Droit à l’avortement : ne nous
laissons pas duper par les discours anti-choix !
Le Planning Familial s’étonne de la diffusion d’un documentaire
culpabilisant sur l’avortement. Il rappelle qu'il n'y a pas de vécu unique et
met en garde contre de tels discours.
19/03/2015
Mardi 17 mars, la chaîne Arte a consacré sa soirée Thema à
l’avortement. Un sujet hautement symbolique, quelques jours après la Journée
internationale des droits des femmes. Intitulé « Droit à l’avortement : le
combat continue », le premier documentaire de la soirée propose une enquête
critique sur la situation du droit à l’avortement dans trois pays européens :
la France, l’Allemagne et la Pologne.
Tout en soulignant les avancées de la France dans le domaine, il
met en lumière les nombreux obstacles persistants (fermetures d’hôpitaux,
culpabilisation des femmes, objection de conscience…), qualifiant à juste titre
l’accès à l’avortement de « parcours du combattant ». Plusieurs témoignages de
terrain du Planning Familial et de l’IPPF Europe (Fédération européenne du
Planning Familial) alertent sur les menaces de régressions réelles sur le
continent européen, dans un contexte de crise économique favorable à la poussé
des droites conservatrices.
Un discours utilisé à dessein pour
délégitimer le droit à l'avortement
L’intention de la chaîne Arte est louable : il est crucial de
rappeler que l’accès à l’avortement n’est jamais acquis. Elle est
malheureusement décrédibilisée par le deuxième documentaire de la soirée, qui
tranche radicalement avec la ligne habituelle de la chaîne, jusque dans son
titre « Avortement : la loi du silence ». Ce dernier prône en effet tout ce
contre quoi les mobilisations féministes se sont battues : la culpabilisation
des femmes ayant avorté et la stigmatisation de l’acte de l’IVG. On y retrouve
tous les codes de la propagande anti-choix : dramatisation sans nuance de
l’avortement (présenté comme un acte systématiquement traumatisant),
désinformation (prétendues menaces d’infertilité), manipulation (interviews du
Dr. Pokropp, activiste anti-choix), images d’embryons avortés.

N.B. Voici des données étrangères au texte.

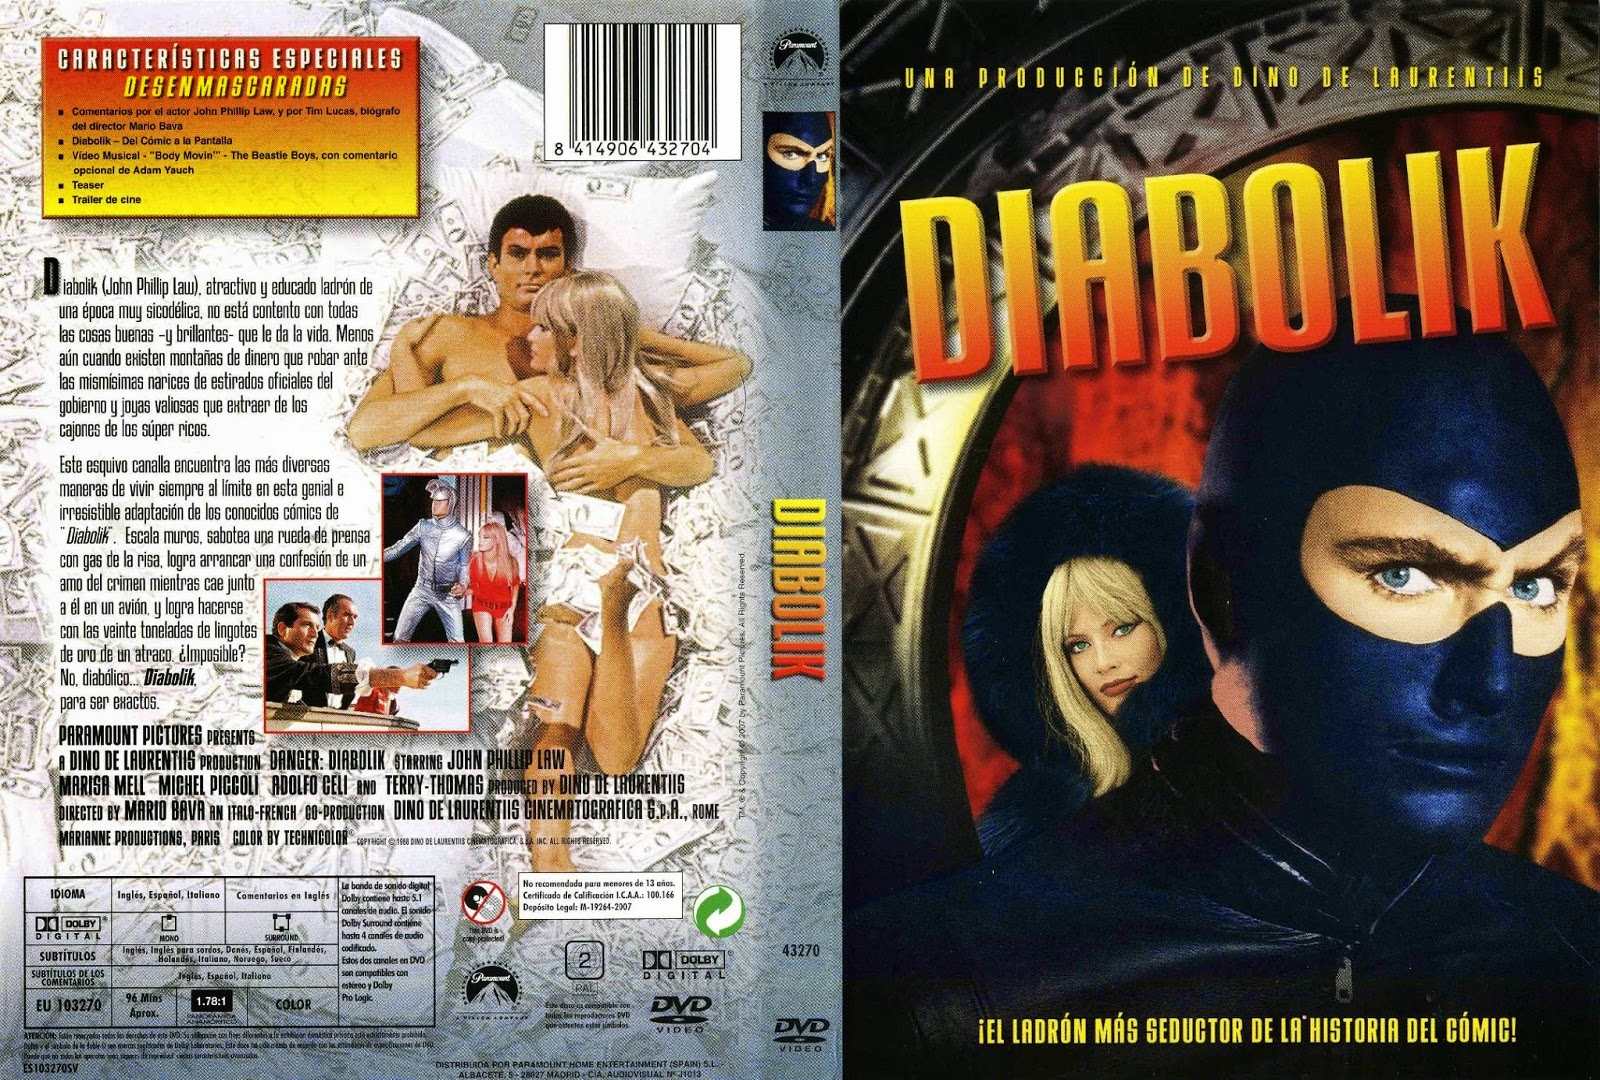 Diabolik (Danger: Diabolik - 1968)
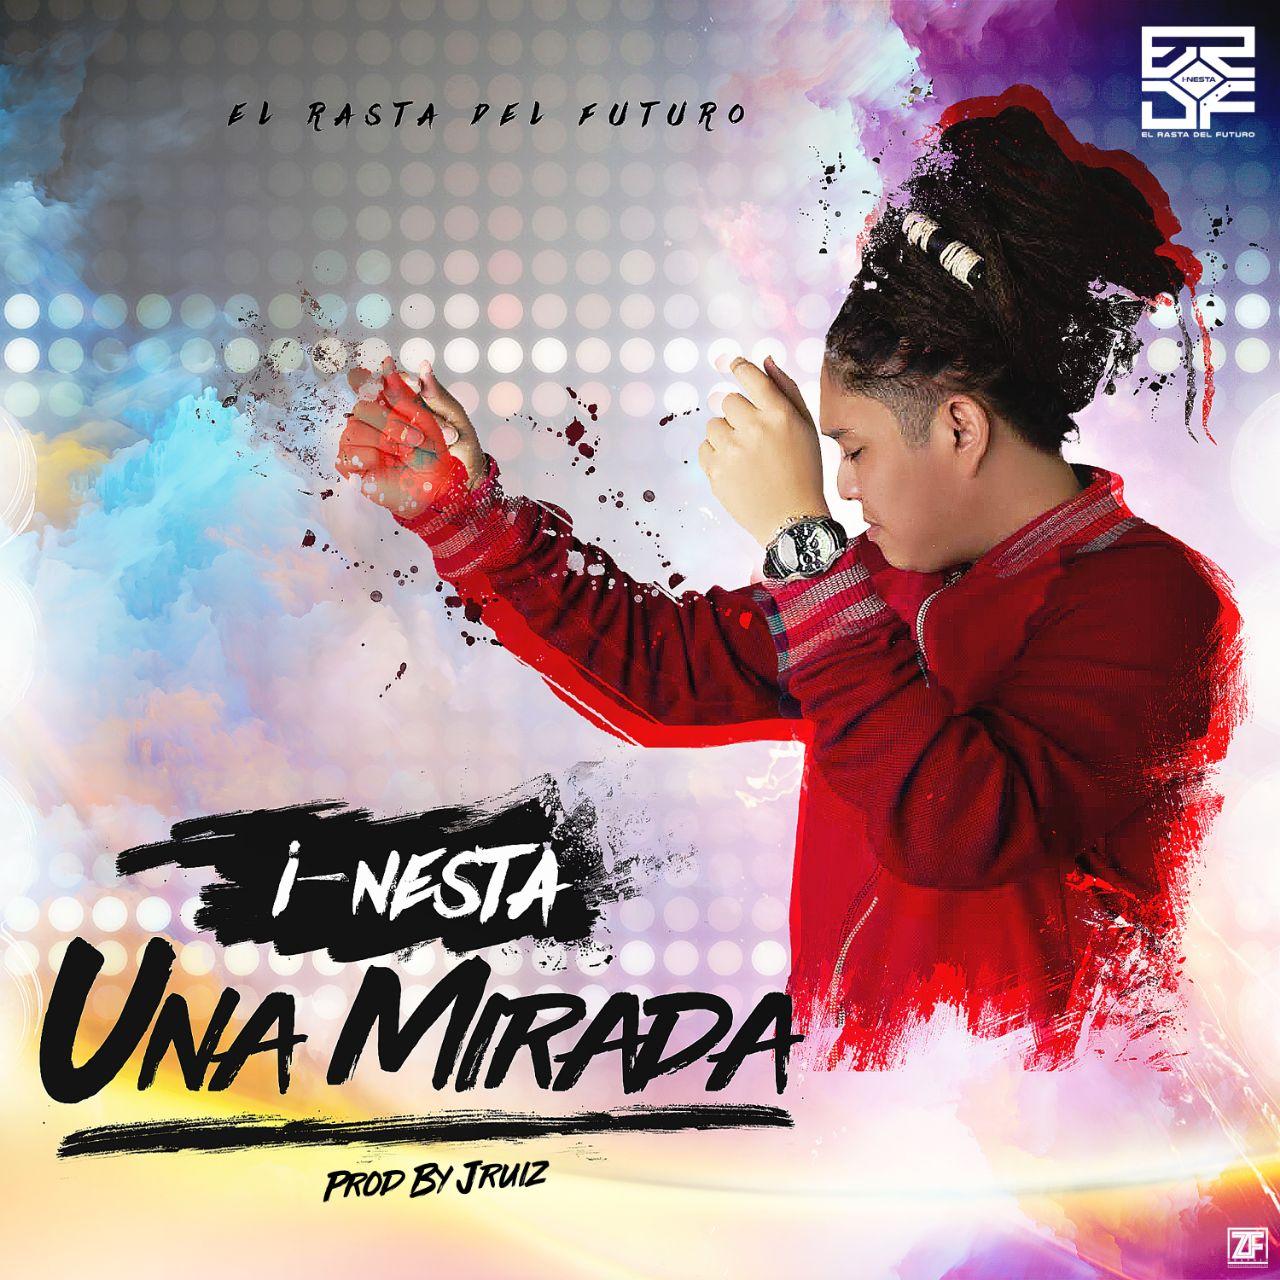 Photo of I Nesta estrena su nuevo single 'Una Mirada'

Le Planning Familial, qui défend le libre choix des femmes,
refuse ce type de discours manipulatoire. Imposer aux femmes un vécu et une
vision traumatiques de l’avortement, ce n’est pas leur rendre service ni briser
le prétendu « silence » autour de l’IVG. Au contraire, c’est précisément ce
type de jugement qui est le plus difficile à surmonter pour les femmes qui
avortent (comme
en témoignent les premières concernées), ce que le deuxième
documentaire ignore soigneusement.Cette soirée Thema aurait gagné à être
suivie d’un débat digne de ce nom plutôt que d’ouvrir un boulevard aux
anti-choix, dont les véritables motivations ne doivent duper personne.